【コラム】ザ・障害者(8)

働きたい者は共同連にと~まれ!

堀 利和


 施設解体の余韻がまだ幾分残っていた頃、療護施設の入所者が二人、職員とともに職業安定所に出向いた。しかし彼らを求人する会社など、あろうはずもない。
 ではどうしたらよいかと尋ねると、職安の職員は、職業訓練所に行くしかありませんと答えた。そこで、職業訓練所に足を運ぶのだが、訓練所の職員は思わずびっくり。訓練などできるわけもない。二人の重度の障害者に付き添って行った施設職員にあきれた対応をする。

 施設に帰ってきた彼らは、さてどうしようか。「でも、やっぱり働きたい」。
 入所者自治会と職員の何人かで協力して、近くに店舗を借りることとした。商品を並べる。彼らが店番をする。
 近所の人たちが買い物にきても、品物を手渡すどころか、お金を受け取ることもできない。
 きつい言語障害で「いらっしゃい」と言っても、「ウォーウォー」としか聞こえない。とにかくにっこり笑えということになる。
 客は自分で品物をとり、お金をざるの中に入れる。場合によっては、おつりもとる。その確認だけはする。それで商売は成り立つ。人間関係は成立するのである。重度の障害者がただ座って、店番をするだけでも仕事は果たせる。それが彼らの商法なのだ。
 今では障害者も健常者も十数人、各地の物産を店に並べながら、重度の障害者が横たわりながらパソコンで注文や出入りを操作する。働き方や生活も、お互いに心得た者同士の営みである。

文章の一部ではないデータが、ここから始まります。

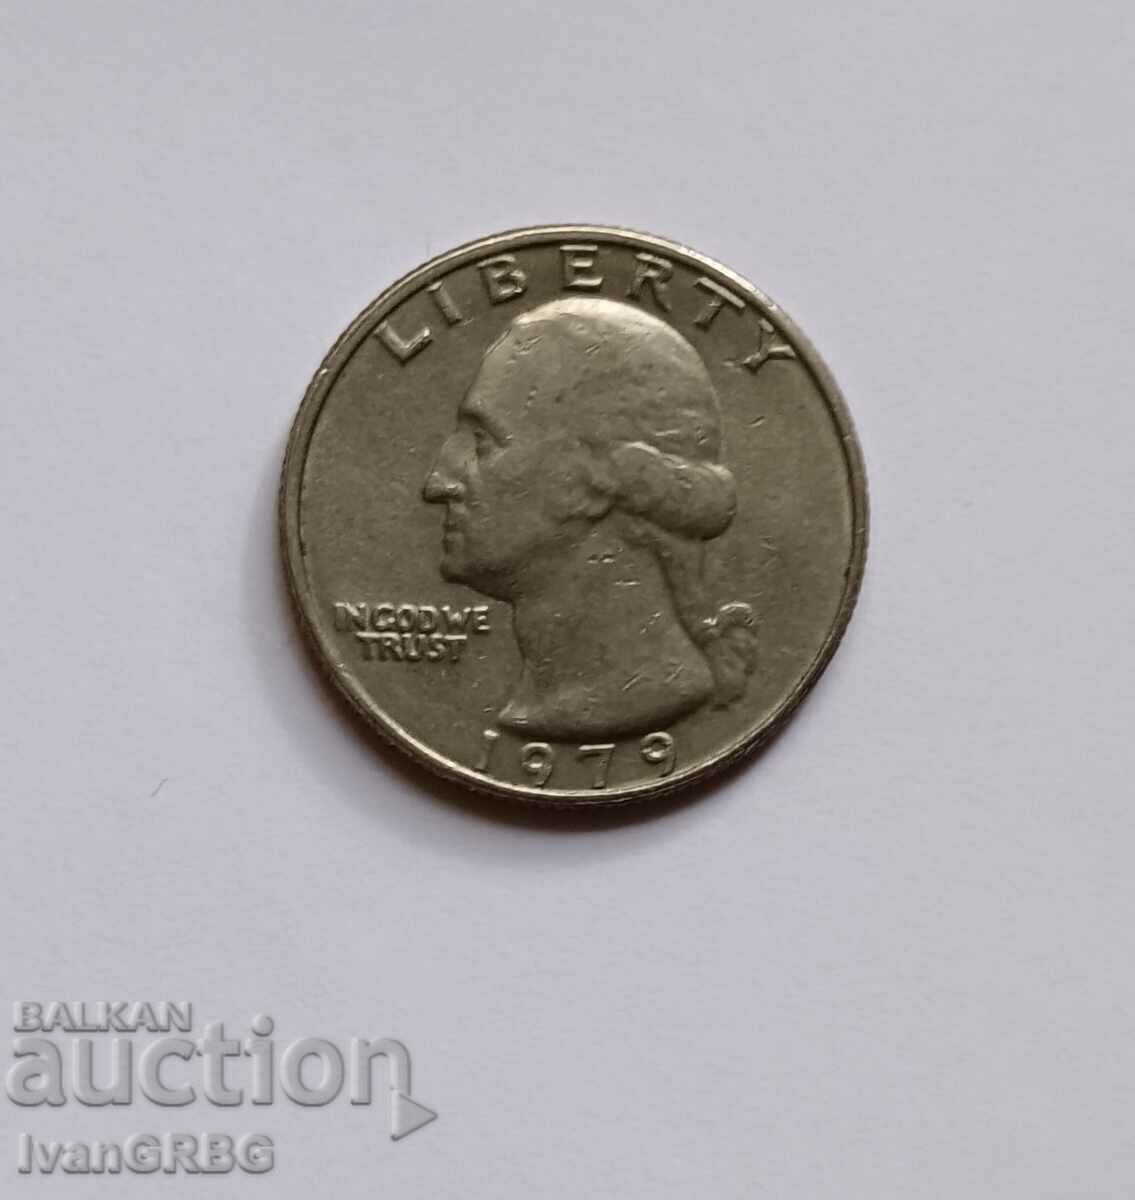 1/4 Δολάριο ΗΠΑ 1979 25 σεντ Αμερική 1979 Κέρμα 1/4 $ ΗΠΑ

 亡くなられた共同連元代表の門脇さんは、CIL運動の障害者たちとのシンポジウムで、「自立生活って、毎日なにやってんねん?」ときいた。鋭い指摘である。施設から、あるいは家族からの自立は重度障害者にとって大事業である。しかし同じ重度の門脇さんにしてみれば、「毎日なにやってんねん」が、おそらく大きな疑問であったに違いない。ちなみに、一九七五年の国連・障害者の権利宣言では、同世代(現役世代)と同等の暮らしをする権利を有することが謳われている。それを忘れてはなるまい。

 年金受給年齢が取沙汰されている昨今、雇用だけが働き方ではない。前期高齢者の働き方にも、「社会的事業所」を提案してもよいのではなかろうか。私たち共同連の運動と理念は、障害者を越えて広くひろがっていく。

<付記>
 共同連は、一九八四年に「差別と闘う共同体全国連合」として発足し、NPO法人の資格を取得する際に「共同連」と改名しました。共同連は障害ある人ない人が自らの生産能力に応じて対等・平等に共に働き、賃金ではなく「分配金」を原則としています。当初は、障害ある人ない人の「共働事業所」作りの運動を進めてきましたが、二〇〇〇年にイタリアの社会的協同組合法B型、および二〇〇七年に制定された韓国の社会的企業育成法にふれ、社会的に排除された人(障害者、引きこもり、依存症者、刑余者、シングルマザー、ホームレスの人など)が三〇パーセント以上、そうでない人と共に働く「社会的事業所」をめざす運動に変化しました。生活困窮者自立支援法にもアプローチし、困窮者のための「社会的事業所」を提案しています。